Using automatic speech recognition for the prediction of impaired speech identification
Age-related hearing loss (ARHL) is a very prevalent hearing disorder in adults that negatively impacts on the ability to understand speech, especially in noisy environments. The most common rehabilitation strategy is to fit hearing aids (HAs). Their benefit is generally assessed by measuring speech-identification performance with and without HAs. However, such so-called “speech audiometry” can be fairly lengthy, and its results are likely to be influenced by the patient’s level of fatigue, cognitive state and familiarity with the speech material used for the assessment.
In order to overcome these issues, the feasibility of using objective measures based on automatic speech recognition (ASR) to predict human speech-identification performances was recently investigated (Fontan et al., 2017; Fontan et al., in preparation; Kollmeier et al., 2016).
Here, we present the results of a series of experiments, that combined ASR and an ARHL simulation to predict human performances for various tasks ranging from phoneme discrimination to sentences identification. More specifically, signal processing techniques (Nejime & Moore, 1997) were used to process the speech tokens to mimic some of the perceptual consequences of ARHL on speech perception (i.e., elevated thresholds, reduced frequency selectivity and loudness recruitment), and the processed speech tokens were then fed to an ASR system for analysis. To provide “proof-of-concept”, our first experiments focussed on the prediction of unaided speech perception in quiet, while subsequent experiments investigated the applicability of the ASR system to aided and unaided speech perception in noise.

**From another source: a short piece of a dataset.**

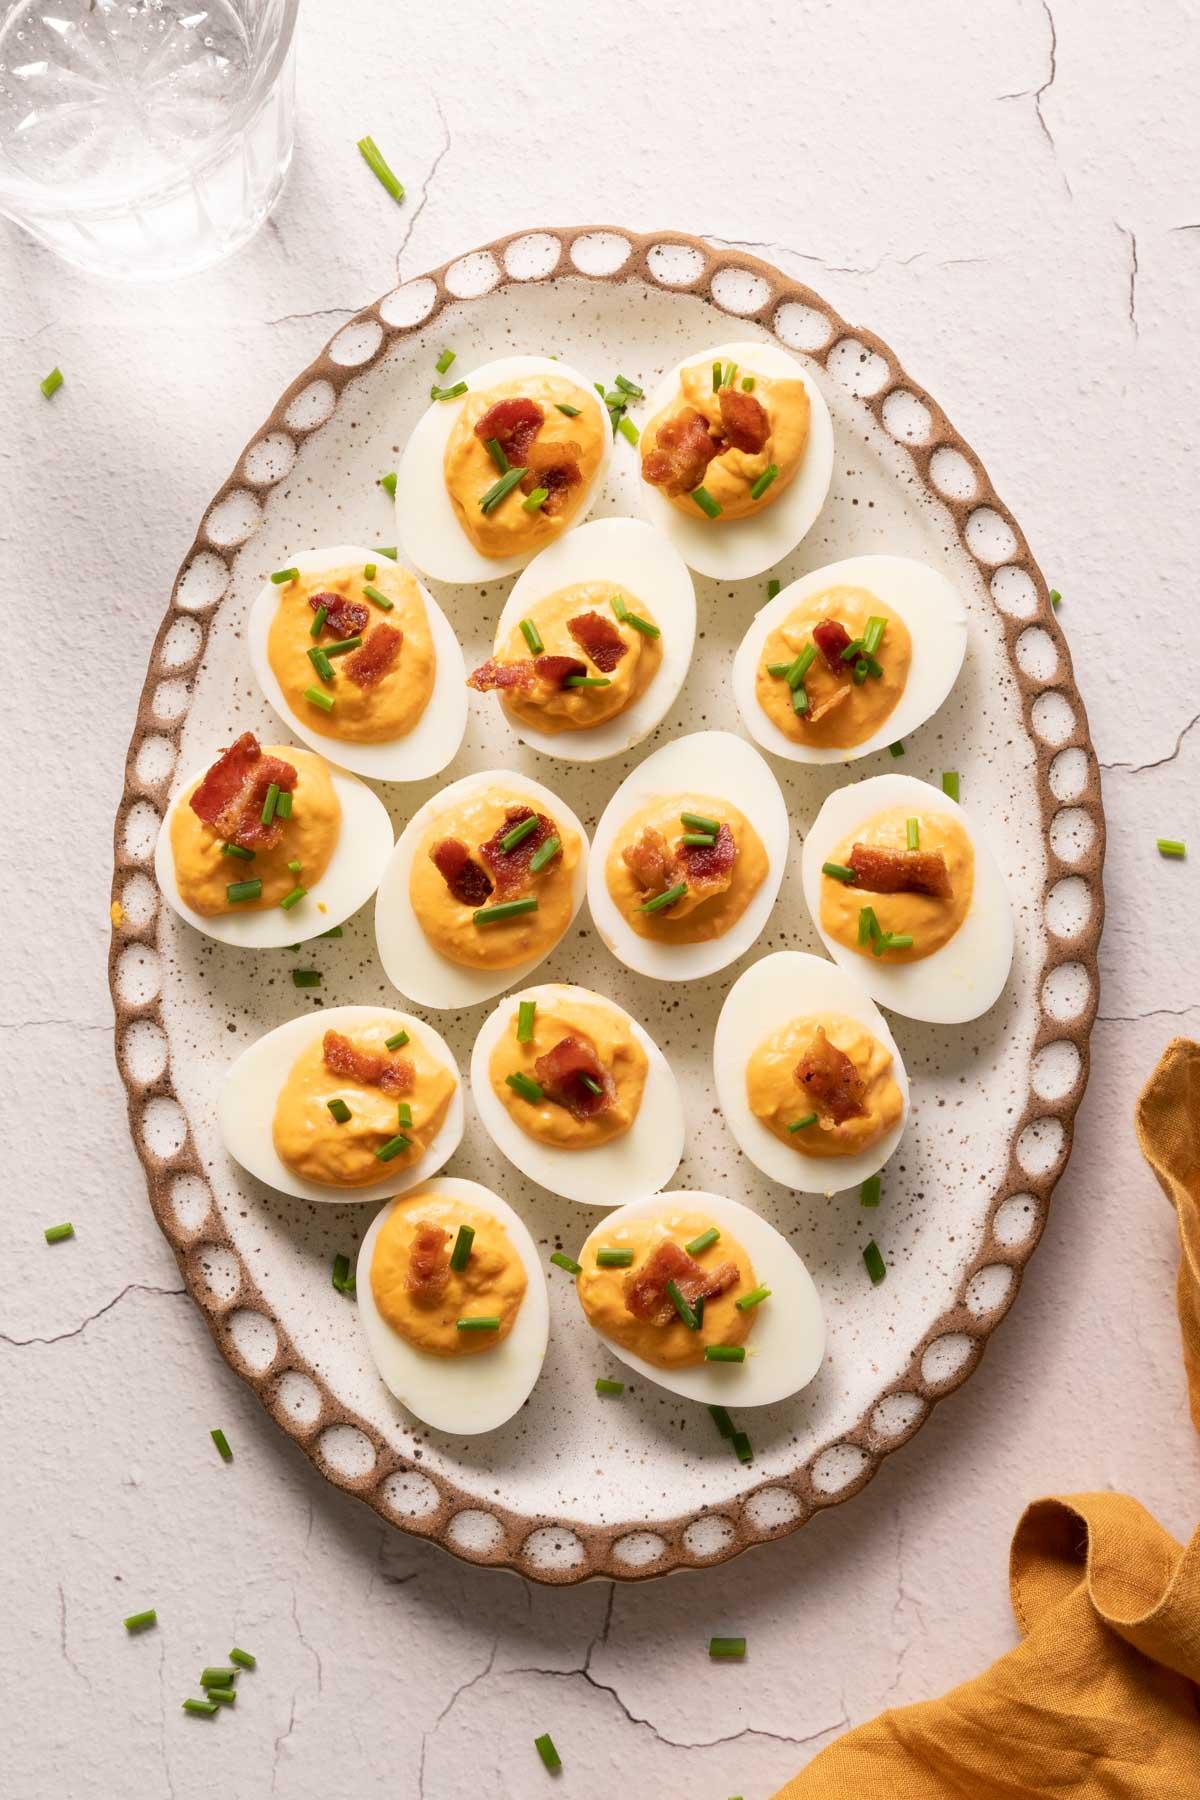 Pimento deviled eggs on an oval plate

Fontan, L., Cretin-Maitenaz, T., & Füllgrabe, C. (In preparation). Automatic speech recognition predicts speech perception in older hearing-impaired listeners.
Fontan, L., Ferrané, I., Farinas, J., Pinquier, J., Magnen, C., Tardieu, J., Gaillard, P., Aumont, X., & Füllgrabe, C. (2017). Automatic speech recognition predicts speech intelligibility and comprehension for listeners with simulated age-related hearing loss. Journal of Speech, Language, and Hearing Research, 60, 2394-2405.
Kollmeier, B., Schädler, M. R., Warzybok, A., Meyer, B. T., & Brand, T. (2016). Sentence recognition prediction for hearing-impaired listeners in stationary and fluctuation noise with FADE: Empowering the attenuation and distortion concept by Plomp with a quantitative processing model. Trends in Hearing, 20, 233121651665579.
Nejime, Y., & Moore, B. C. J. (1997). Simulation of the effect of threshold elevation and loudness recruitment combined with reduced frequency selectivity on the intelligibility of speech in noise. Journal of the Acoustical Society of America, 102, 603-615.